For the first time, their work begins with a brief history of the Industrial Revolution through the lens of garment manufacturing. Students share a discussion about the abysmal working conditions of many seamstresses and tailors and how these very conditions gave way to the establishment of the first labor unions. They also acquaint themselves with a revolutionary invention – the sewing machine. Seam allowances, tension, bobbins and spools, foot pedals, feed dogs, hem, inseam, gusset – these are just a few examples of the many skills and vocabulary acquired during their lessons. 

Through these new skills, the students made lined satchels with embellishments of their choosing, and a pair of pajama pants in a fabric they self-selected during our fun field trip to a fabric store.

Students are tasked with learning their lines before the month’s work begins. During the block, they are tasked with following directions: being brave, and being focused at all times.

Games

Introduction to:

  • Competition and teamwork
  • Accountability
  • Goal setting
Details

In Grade 8 games class, the students continue to strive for individual mastery in team sports and athletics. Competition is used and controlled to cultivate teamwork, to stimulate engagement, for pushing individuals to new levels of achievement, and for drawing the best out of all students by calling on their potential.

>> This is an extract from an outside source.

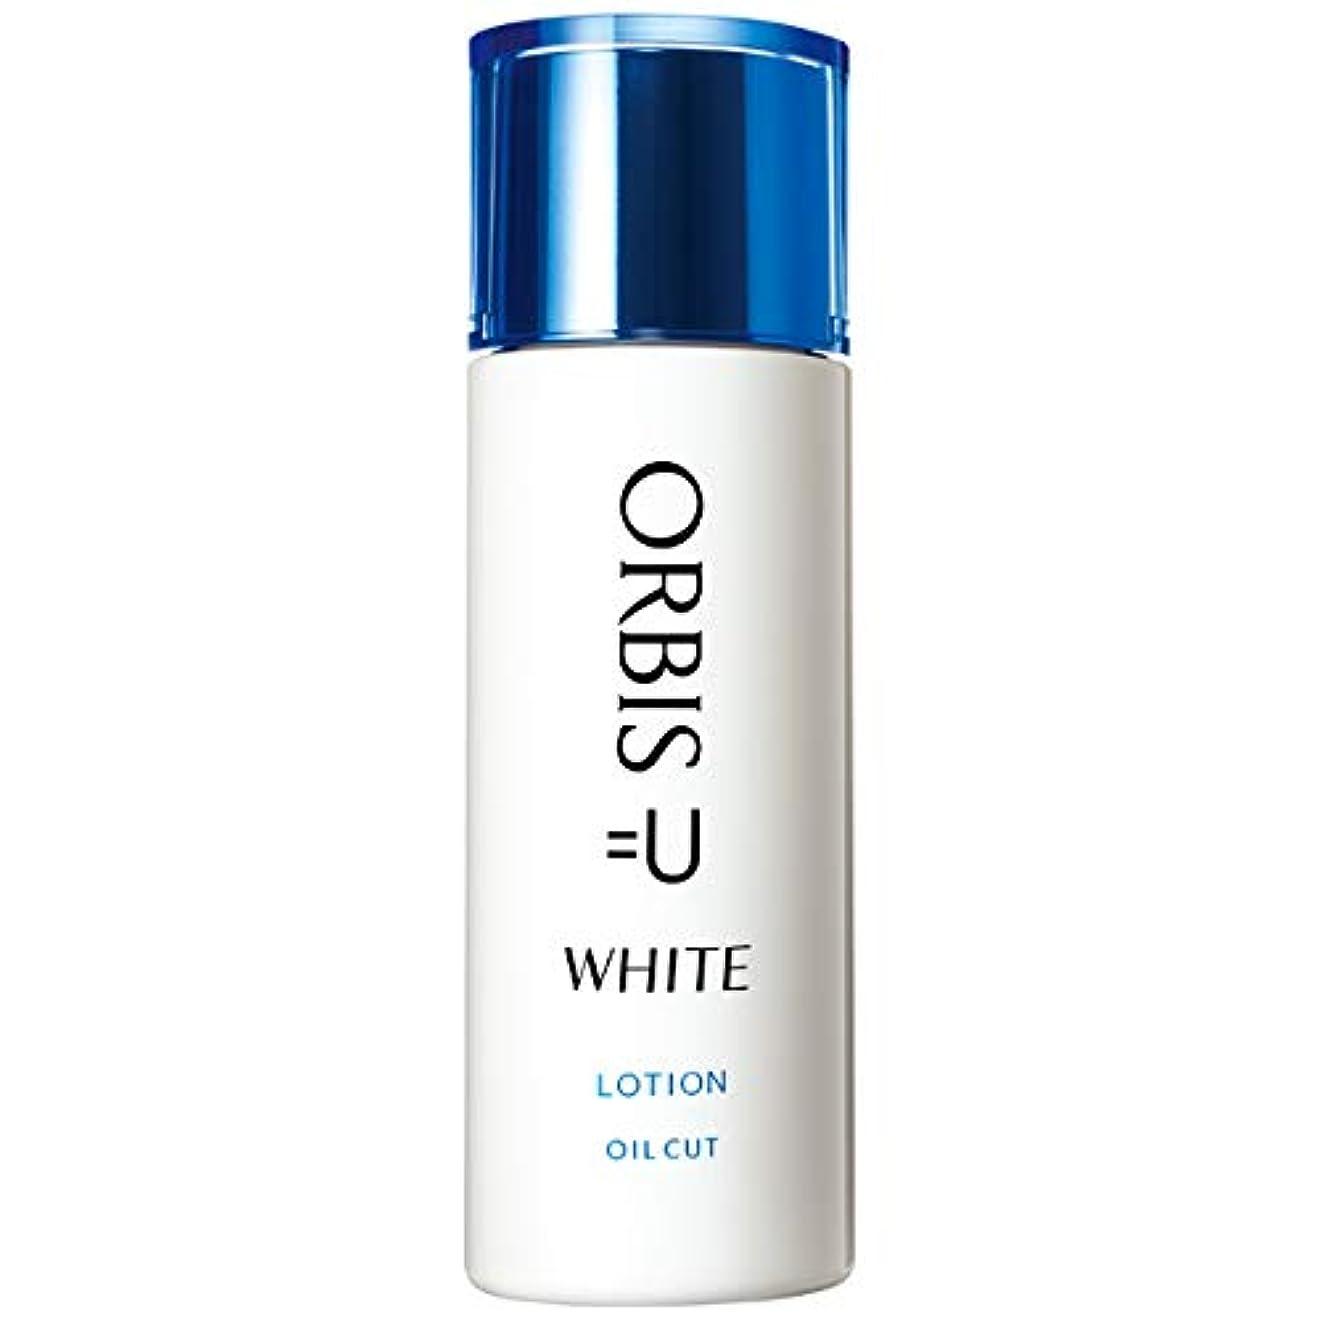 単調な精神的に擬人オルビス(ORBIS) オルビスユー ホワイト ローション 180mL 化粧水 [医薬部外品]
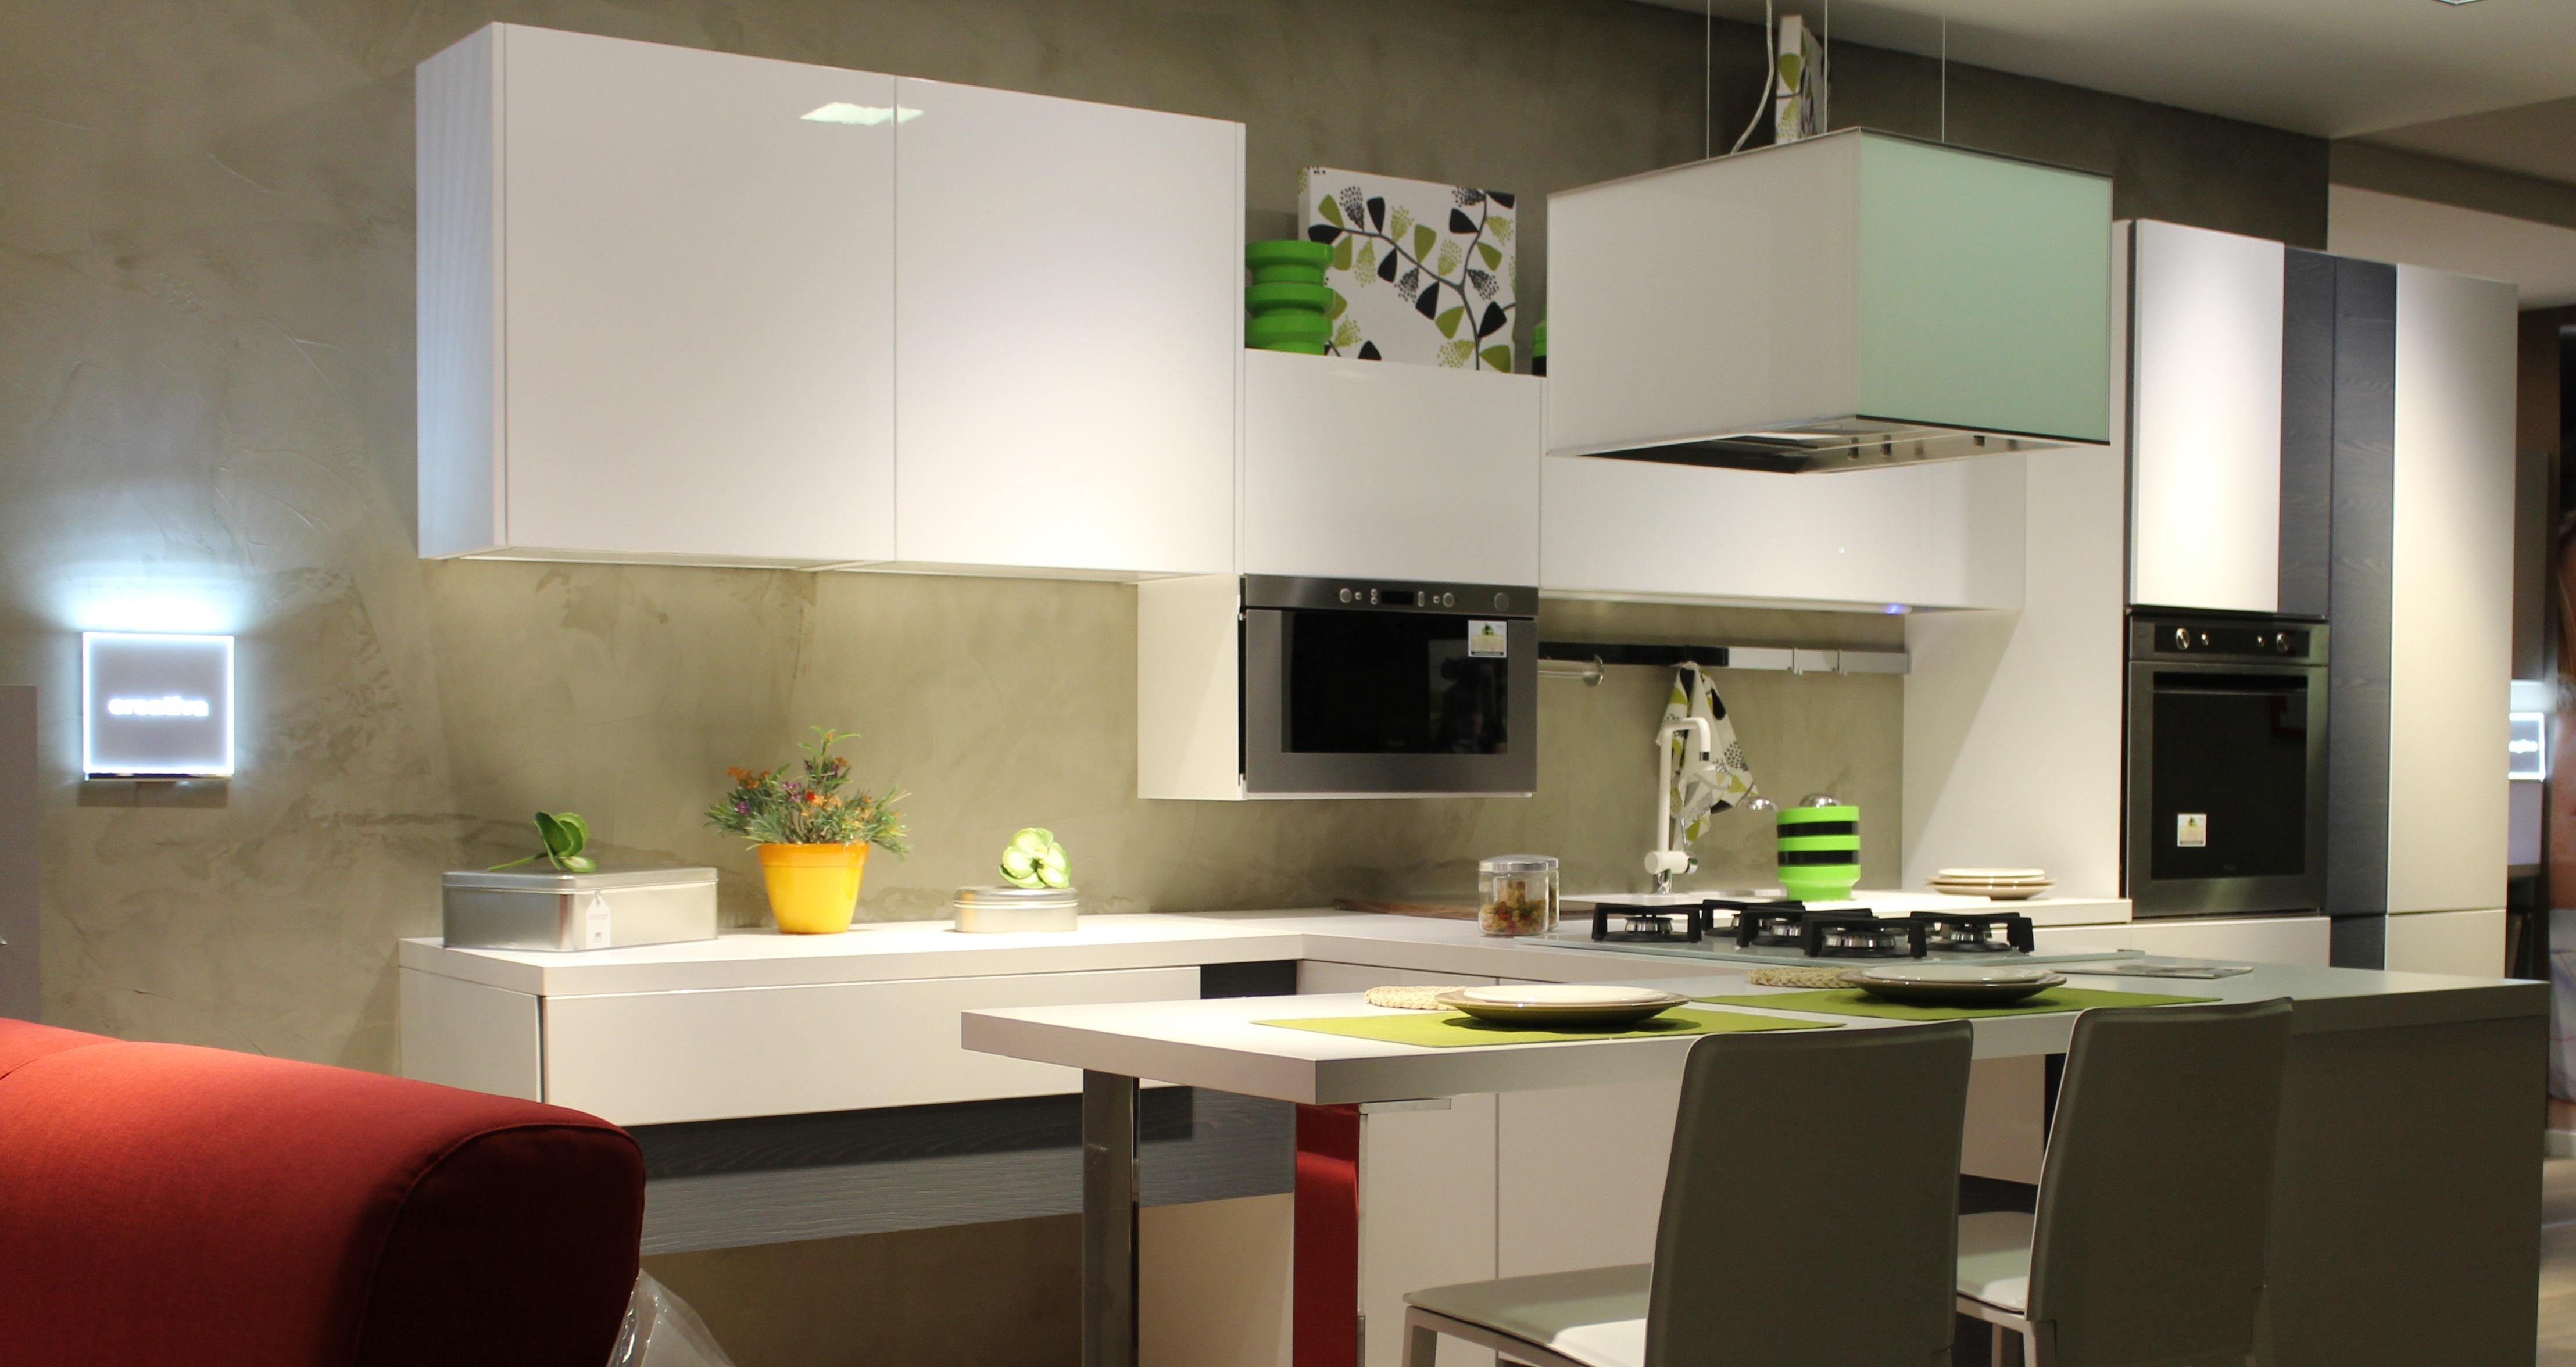 Как декорировать кухонную мебель

The students were again given the fitness and skills tests three times during the school year in which they could measure their progress. The students write down strength, endurance, citizenship, and skill goals they hope to achieve by June.

The students continue to work with group and team games and the various skills involved. They experience traditional sports, such as football, basketball, and baseball, and tennis. The students return to the spring track meet with a year of added experience, strength, and for some, height, to strive and improve their statistics. In preparation, students continue training for sprints, hurdles, long jump, discus, javelin, hammer throw and shot put, as well as distance running.